Athletic program of Kutztown University

The Kutztown Golden Bears are the sports teams that represent Kutztown University of Pennsylvania (pronunciation rhymes with "Puts"), located in Kutztown, Pennsylvania. Kutztown University is a member of NCAA Division II and competes in the Pennsylvania State Athletic Conference (PSAC). The university sponsors eight men's and fourteen women's intercollegiate sports. In 2022, Kutztown University added women's acrobatics & tumbling as its 22nd varsity sport.

Kutztown won the Dixon Trophy in 2006, which is awarded to the PSAC school with the best overall athletic program that year. Kutztown became the fifth league school to win the award after placing second in the rankings in the 2003–04 and 2004–05 school years. Famous former athletes from Kutztown include Pro Football Hall of Famer Andre Reed, two-time Super Bowl champion with the Denver Broncos, John Mobley, NFL football players Bruce Harper, Doug Dennison and Craig Reynolds and World Series champion pitcher with the San Francisco Giants, Ryan Vogelsong.

The university provides an array of intramural and club sports programs for students. Leagues and tournaments are organized by the department of Recreational Services every semester, and range from badminton tournaments to rock climbing competitions.

==Overview==
From the mid-1930s up until 1961, Kutztown's sports teams were known as the Golden Avalanche. In 1961, Kutztown replaced the Golden Avalanche nickname with the Golden Bears as the university's nickname. In later years, Golden Bear mascots came into play. Before 2005, Goldie and Griz served as the KU Golden Bear mascots. However, they were both "graduated" to make way for a new mascot. The Raymond Entertainment Group of Newark, Delaware, helped KU create the new mascot. On October 1, 2005, at Kutztown's football game versus West Chester University, Kutztown University unveiled Avalanche as the school's new mascot. Avalanche is so named to honor Kutztown State College during the time of the Golden Avalanche sports teams.

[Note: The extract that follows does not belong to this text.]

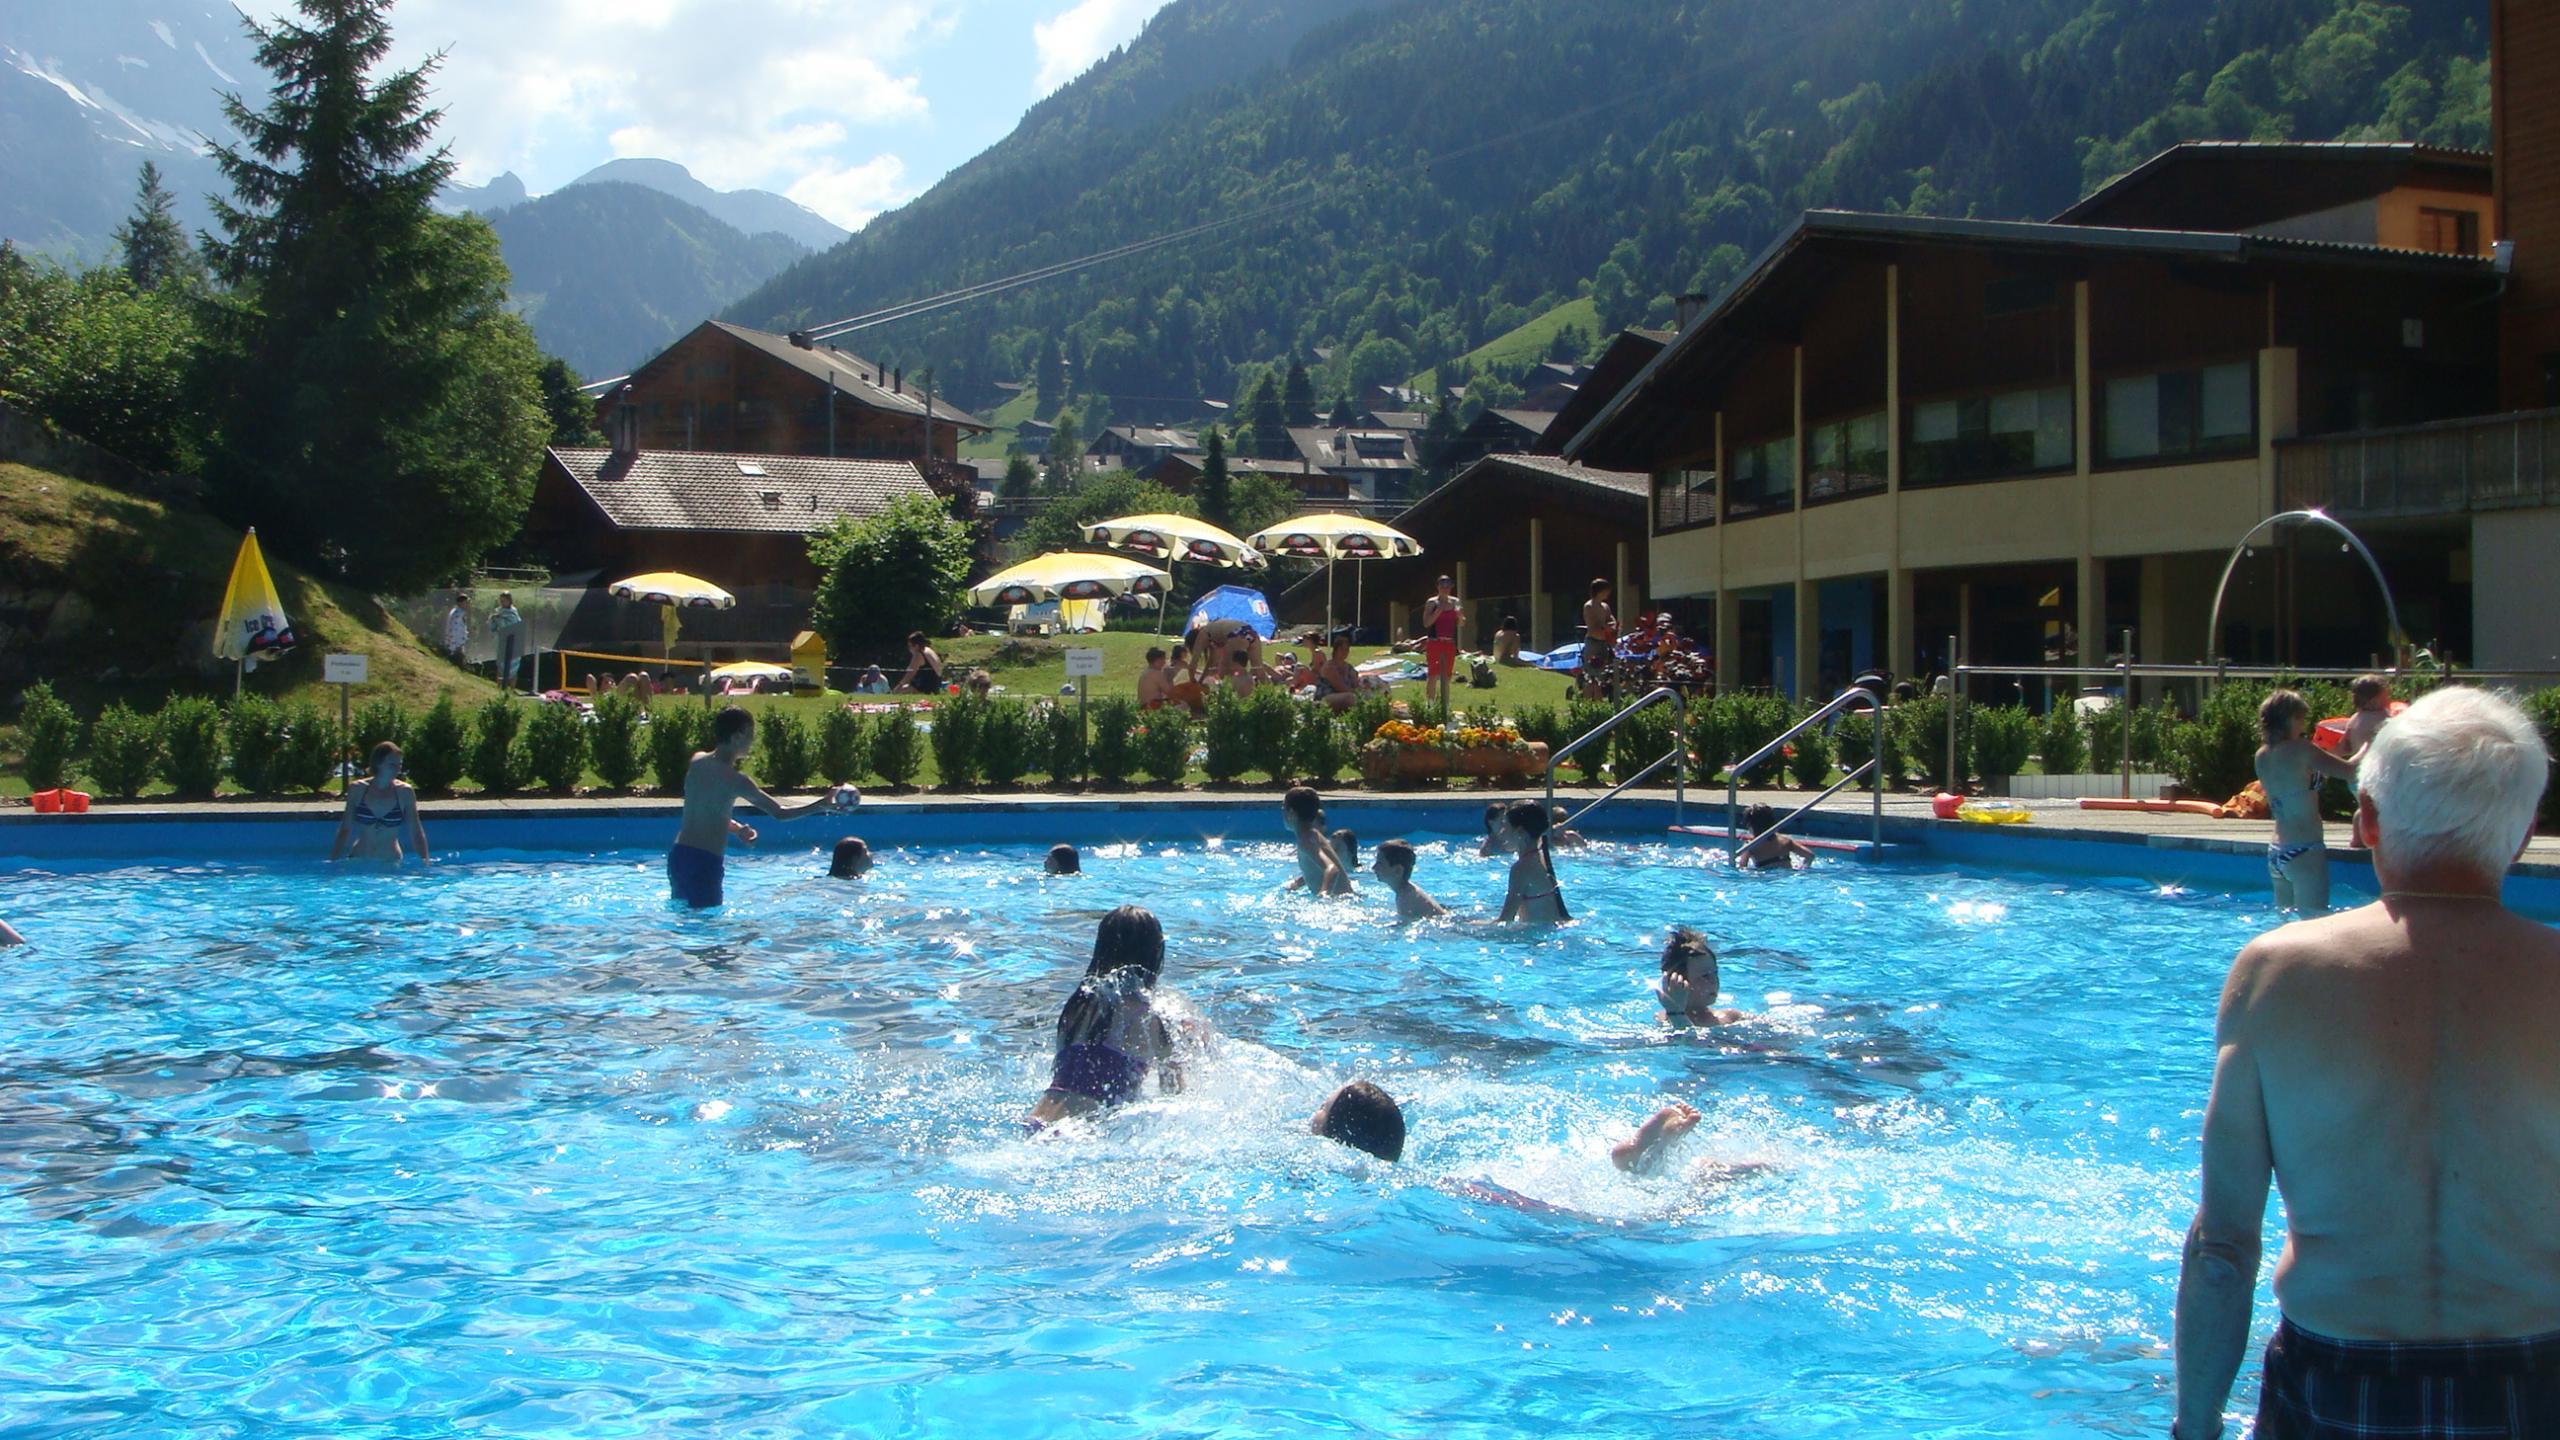 Piscine palladium piscines en plein air couvertes in for Piscine en suisse

The Golden Bears can be seen in more places than the sports fields. Golden Bear statues are located near the basketball courts on South Campus and in North Campus near the Boehm Science Building. Along with the statues, several residential areas are named after the Golden Bear. Golden Bear Village South behind University Place and Golden Bear Village West next to Rothermel Hall are student apartments that hold the Golden Bear moniker.

==Varsity sports==

| Men's sports | Wome's sports |
| Baseball | Acrobatics |
| Basketball | Basketball |
| Cross country | Bowling |
| Football | Cross country |
| Swimming | Field hockey |
| Tennis | Golf |
| Track and field^{1} | Lacrosse |
| Wrestling | Softball |
|  | Swimming |
|  | Tennis |
|  | Track and field^{1} |
|  | Volleyball |
^{1} – includes both indoor and outdoor

===Acrobatics & Tumbling===
Kutztown's newest varsity sport, women's acrobatics & tumbling, made its debut during the 2022 season, going 3–3 under first-year head coach Karah Paull. Paull (formerly Naples) was an All-American as a student-athlete at Fairmont State and is working quickly to make the Golden Bears a contender. Kutztown competes as a member of the National Collegiate Acrobatics & Tumbling Association (NCATA).

===Baseball===
Kutztown University baseball is currently under the direction of coach Eric Folmar, who took over prior to the 2020 season.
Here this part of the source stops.